Exceptions, when done right, separate the happy path from the error path. Go back! Here are some of the costs: Exception handling is not a free lunch. It requires discipline and rigor. Exception handling is not a panacea. If you work with a team that is sloppy and undisciplined, your team will likely have problems no matter whether they use exceptions or return codes.

Incompetent carpenters do bad work even if they use a good hammer. Exception handling is not one-size-fits-all. This is part of the discipline: you need to know when a condition should be reported via return-code and when it should be reported via an exception. Exception handling is a convenient whipping boy. If you work with people who blame their tools, beware of suggesting exceptions or anything else that is new, for that matter.

Learn how. You absolutely might be the problem! Organizing the exception classes around the physical thrower rather than the logical reason for the throw: For example, in a banking app, suppose any of five subsystems might throw an exception when the customer has insufficient funds.

The right approach is to throw an exception representing the reason for the throw, e. For example, the Foo subsystem might throw objects of class FooException , the Bar subsystem might throw objects of class BarException , etc. In general, exception classes should represent the problem, not the chunk of code that noticed the problem. When these three logically distinct kinds of errors are represented by the same exception class, the catchers need to say if to figure out what the problem really was.

If your code wants to handle only bad account numbers, you need to catch the master exception class, then use if to determine whether it is one you really want to handle, and if not, to rethrow it. Designing exception classes on a subsystem by subsystem basis: In the bad old days, the specific meaning of any given return-code was local to a given function or API. That causes no end of grief, e. In large systems, exception hierarchies must be designed with a system-wide mindset.

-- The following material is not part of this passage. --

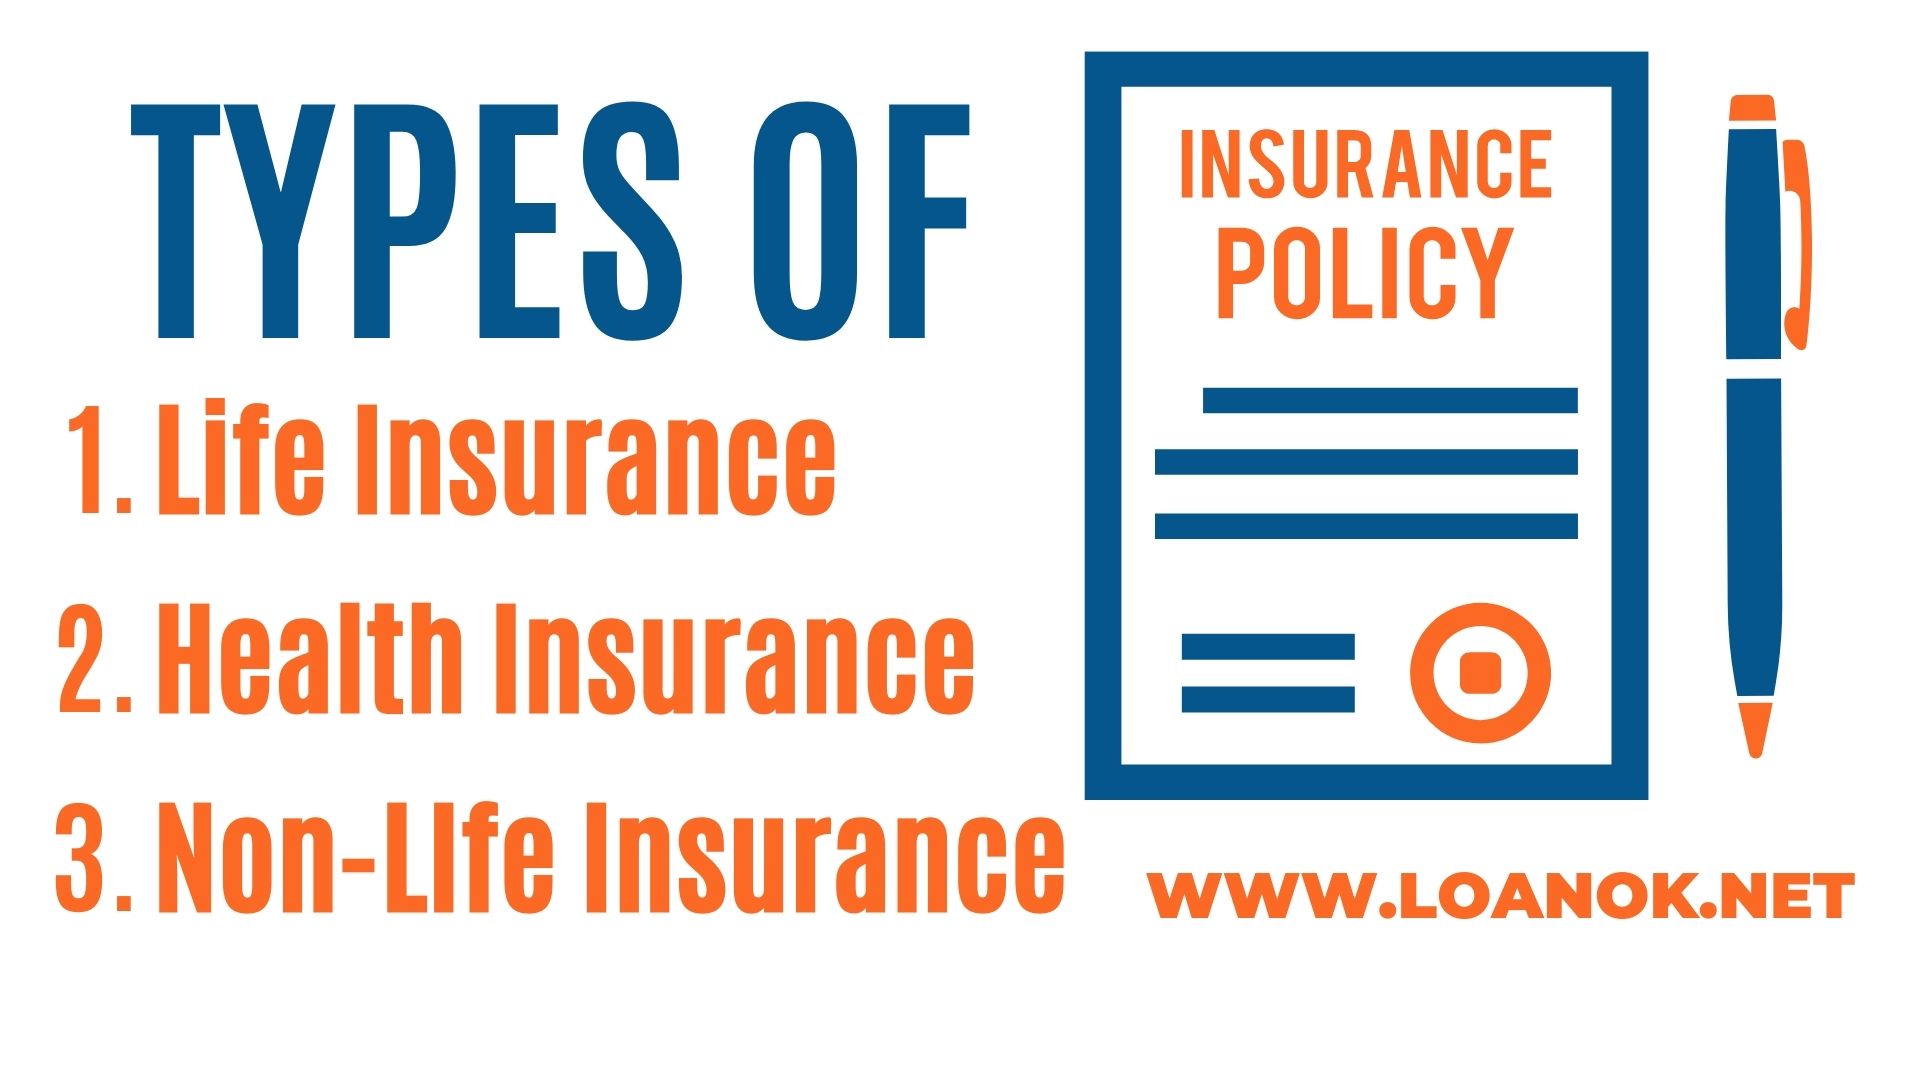 TYPES OF INSURANCE POLICY

Exception classes cross subsystem boundaries — they are part of the intellectual glue that holds the architecture together. However you discover that somebody somewhere is sometimes passing nullptr anyway.

There are two possibilities: either they are passing nullptr because they got bad data from an external user for example, the user forgot to fill in a field and that ultimately resulted in a nullptr or they just plain made a mistake in their own code.

In the former case, you should throw an exception since it is a runtime situation i. I have too many try blocks; what can I do about it? My catch clause deals with the error and continues execution without throwing any additional exceptions. My caller never knows that the exception occurred. My catch clause does not throw any exceptions and it does not return any error-codes.

For instance, if you have a try block whose catch clause closes a file then rethrows the exception, consider replacing the whole thing with a File object whose destructor closes the file. This is commonly called RAII. Can I throw an exception from a constructor? The further it has to look up the stack, the more work it has to do.

Now for the final results, in which we explicitly ask the run-time to lazily fetch the full stack trace, by accessing the StackTrace property. The code looks like this:. Finally we see that fetching the entire stack trace via StackTrace dominates the performance of just handling the exception ie. But again, the deeper the stack trace, the higher the cost.

NET world, where huge stack traces are rare. Over in Java-land they have to deal with nonesense like this click to see the full-res version!! Performance is a Feature!